For three weeks, every invoice with more than ~800 line items had its earliest charges dropped from the LLM-generated summary that fed our reconciliation engine. The downstream system, trusting the summary implicitly, marked those line items as "not rendered" and issued credits. Then the actual charges on the payment processor side went through. Double-charge on the rendered items, zero-balance on the dropped ones. A mess.

Architecture Before the Incident

Here is what our pipeline looked like. The InvoiceSummarizer class collected all line items for a given billing cycle, concatenated them into a single prompt, and sent them to the LLM for category classification and anomaly flagging.

// === BEFORE FIX: InvoiceSummarizer.java ===
// WARNING: This code caused the $47k billing incident.
// It concatenates ALL line items into a single prompt with no
// token-budget validation. Do NOT use this in production.

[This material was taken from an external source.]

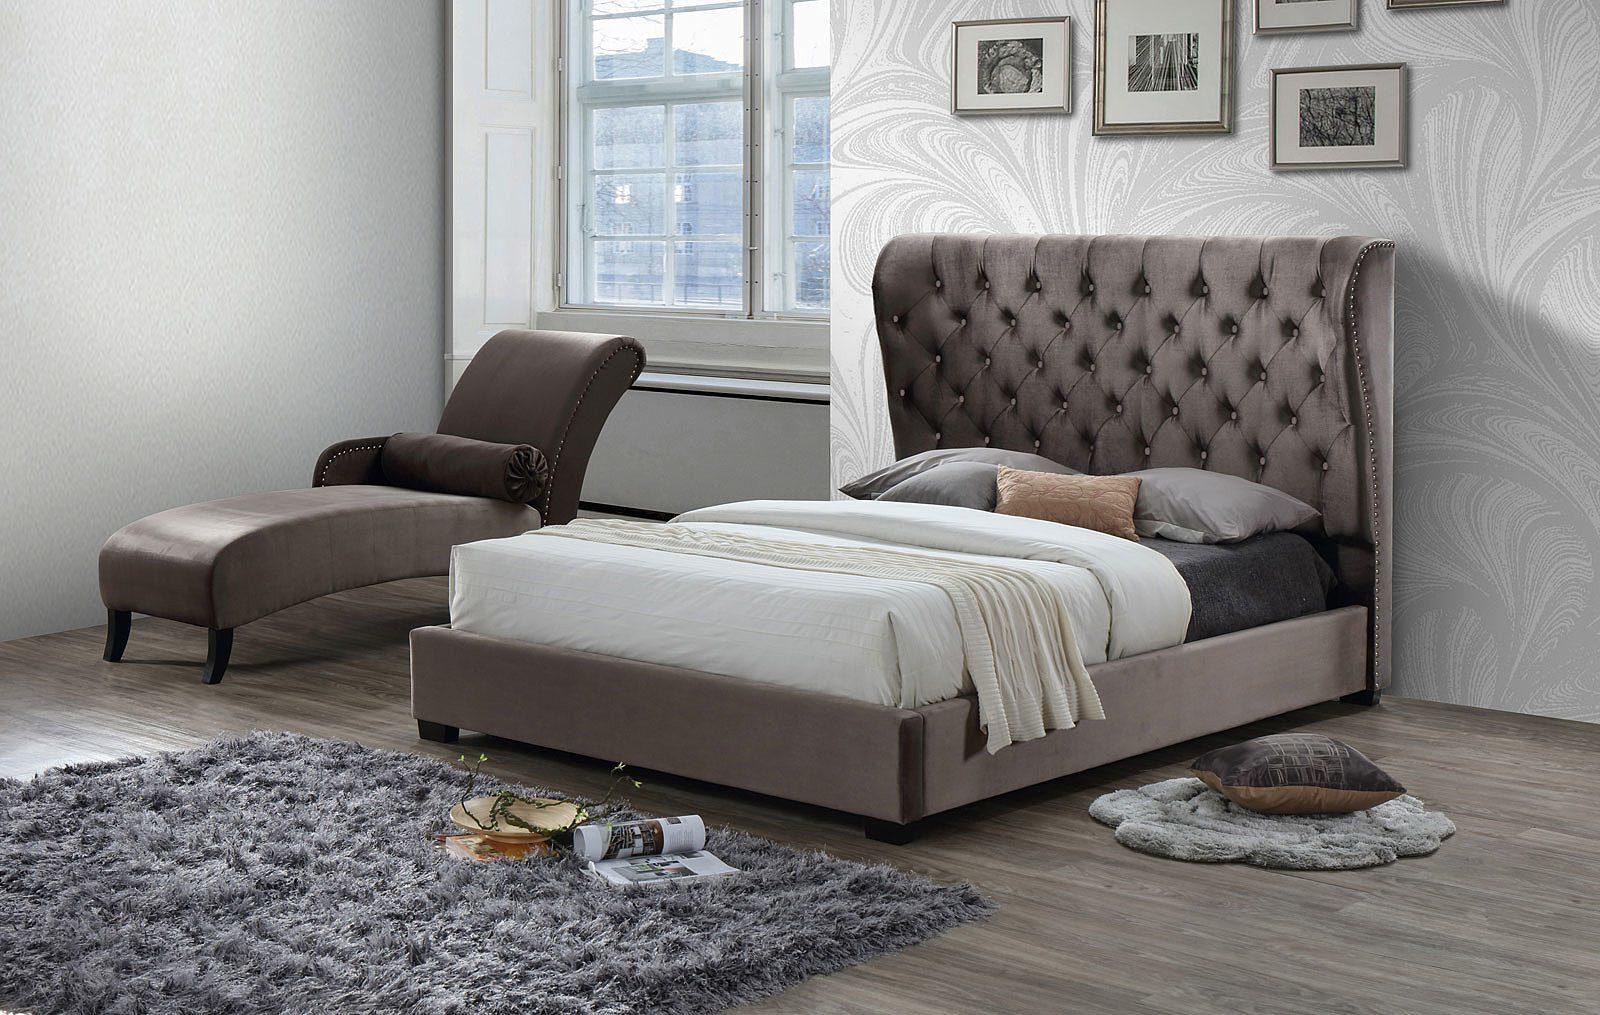 Кровать ESF INFI2971 темно-коричневая и Шезлонг INFI1040 темно-коричневый

import java.util.ArrayList;
import java.util.List;
import java.util.Map;
import java.util.HashMap;
import java.math.BigDecimal;
import java.math.RoundingMode;

public class InvoiceSummarizer {

    private static final int MAX_CONTEXT_TOKENS = 128_000; // assumed window
    private final OpenAiClient openAiClient;             // OpenAI SDK wrapper
    private final String model = "gpt-4-turbo-0125";

    public InvoiceSummarizer(OpenAiClient client) {
        this.openAiClient = client;
    }

    /**
     * Summarizes all line items for a billing period.
     * BUG: No token-budget check. If line items exceed the context
     * window, the OpenAI SDK silently truncates from the beginning
     * and the LLM never sees early items.
     */
    public SummaryResult summarize(Invoice invoice) {
        // Build prompt by concatenating ALL line items — no size guard
        StringBuilder promptBuilder = new StringBuilder();
        promptBuilder.append("You are a billing analyst. Classify each line item:\n\n");

        for (LineItem item : invoice.getLineItems()) {
            promptBuilder.append(String.format(
                "Item: %s | Amount: %s %s | Desc: %s | Acct: %s\n",
                item.getId(),
                item.getCurrencySymbol(),  // ₹ ₿ ₺ become multi-token
                item.getAmount(),
                item.getDescription(),
                item.getGlAccount()
            ));
        }

        promptBuilder.append("\nReturn JSON with categories and anomaly flags.");
        String prompt = promptBuilder.toString();

        // No token count validation — this is the root cause
        ChatCompletionRequest request = ChatCompletionRequest.builder()
            .model(model)
            .maxTokens(4096)
            .messages(List.of(
                new ChatMessage(ChatMessageRole.SYSTEM.value(),
                    "You are a billing classification assistant."),
                new ChatMessage(ChatMessageRole.USER.value(), prompt)
            ))
            .build();

        try {
            ChatCompletionResponse response = openAiClient.chat(request);
            String rawJson = response.getChoices().get(0).getMessage().getContent();
            return parseSummary(rawJson);
        } catch (OpenAiException e) {
            // Log but do NOT retry — silent data loss is worse than a crash
            System.err.println("LLM call failed for invoice " + invoice.getId()
                + ": " + e.getMessage());
            throw new BillingException("Summarization failed", e);
        }
    }

    private SummaryResult parseSummary(String json) {
        // parse JSON into SummaryResult — omitted for brevity
        return SummaryResult.fromJson(json);
    }
}

The critical flaw is on line 39: there is zero awareness of how many tokens the prompt consumes. When the model's tokenizer changed, the same invoice that previously consumed 95k tokens now consumed 134k tokens. The SDK truncated the prompt, the LLM classified only the last ~60% of line items, and the reconciliation engine trusted the result implicitly.

The Three-Layer Fix

We implemented three independent safeguards, each designed to catch a different failure mode. Defense in depth is not optional when LLM outputs drive financial transactions.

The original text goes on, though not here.